Over the last 10 years or so, a version of that conversation has happened every summer. Why are students waiting longer to register this year than last year? The usual default response is either “human nature” or “students procrastinate.” Neither explanation works. Did human nature change from last year to this year? Is procrastination new?

The ability to dismiss knee-jerk errors is valuable. It prevents wasted effort and false fatalism. If human nature is at fault, there’s nothing to be done. But if, say, there’s a new quirk in financial aid, we might be able to address that. Moving too quickly to fatalism can be self-fulfilling.

The latest data on applications to extremely expensive and selective universities offer some worthwhile falsification of a widely held belief. We hear often that the cost of college is prohibitive. We also hear often that student loan burdens are terrible, and folk wisdom suggests that the loan burdens are a function of cost increases.

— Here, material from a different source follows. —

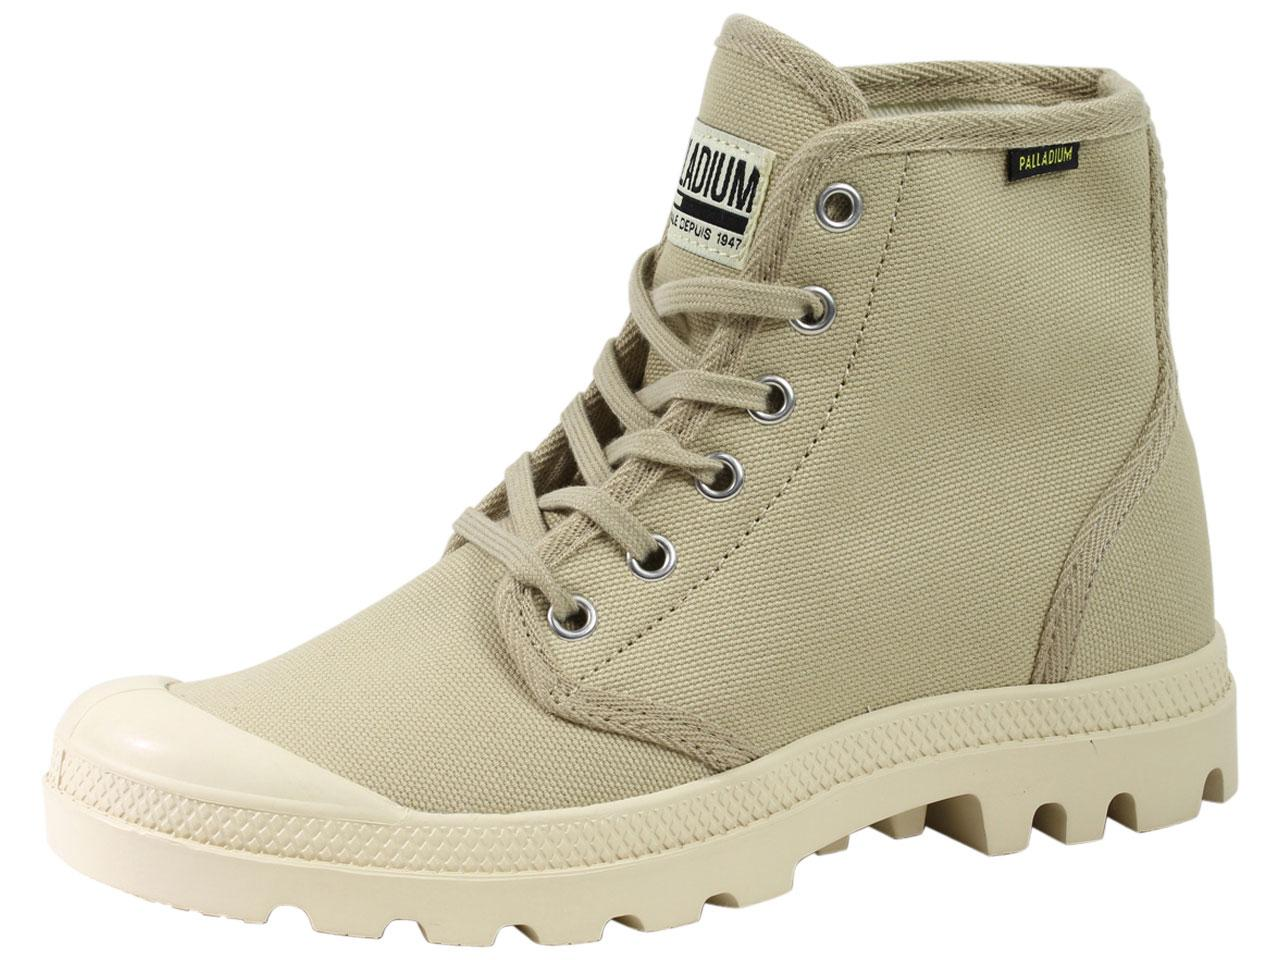 Image of Palladium Men's Pampa Hi Originale Chukka Boots Shoes - Beige - 12 D(M) US/13.5 B(M) US

If that were true, we’d expect to see the most expensive colleges suffering dramatic enrollment declines and the least expensive ones resorting to wait lists. We’d also expect to see the highest student loan default rates among the students with the highest balances.

Nope.

Colleges that charge over $80,000 per year, which is higher than the national median annual household income, have set records for the number of applications. Their acceptance rates are in the single digits. Meanwhile, community colleges that charge less than 10 percent of what the elites do have suffered dramatic enrollment declines over the last decade (although they seem to have leveled off this year). If high cost were the salient barrier, we’d expect to see the exact opposite of what we’re actually seeing.

With loan balances, something similar is happening. If the issue was the amount students owe, we’d expect to see students with the lowest balances having the lowest default rates. In fact, borrowers who owe less than $5,000 have the highest default rates. The knee-jerk intuitive explanation is exactly wrong.

If the obvious story is exactly wrong, it’s time to look at other possible stories. For example, income and wealth polarization among families would fit the facts much more closely: more people are squeezed on the low end, while more occupy the high end and are willing and able to do what it takes to stay there. The inverse relationship between loan balances and default rates makes more sense when we realize that defaults are much more common among students who drop out without a credential. The highest loan balances are among the medical school graduates of the world, who tend to make enough to pay them back.

Getting the story right helps get the solution right. Stuffing everybody into Harvard wouldn’t work. Making accessible colleges more worthy of their students actually might.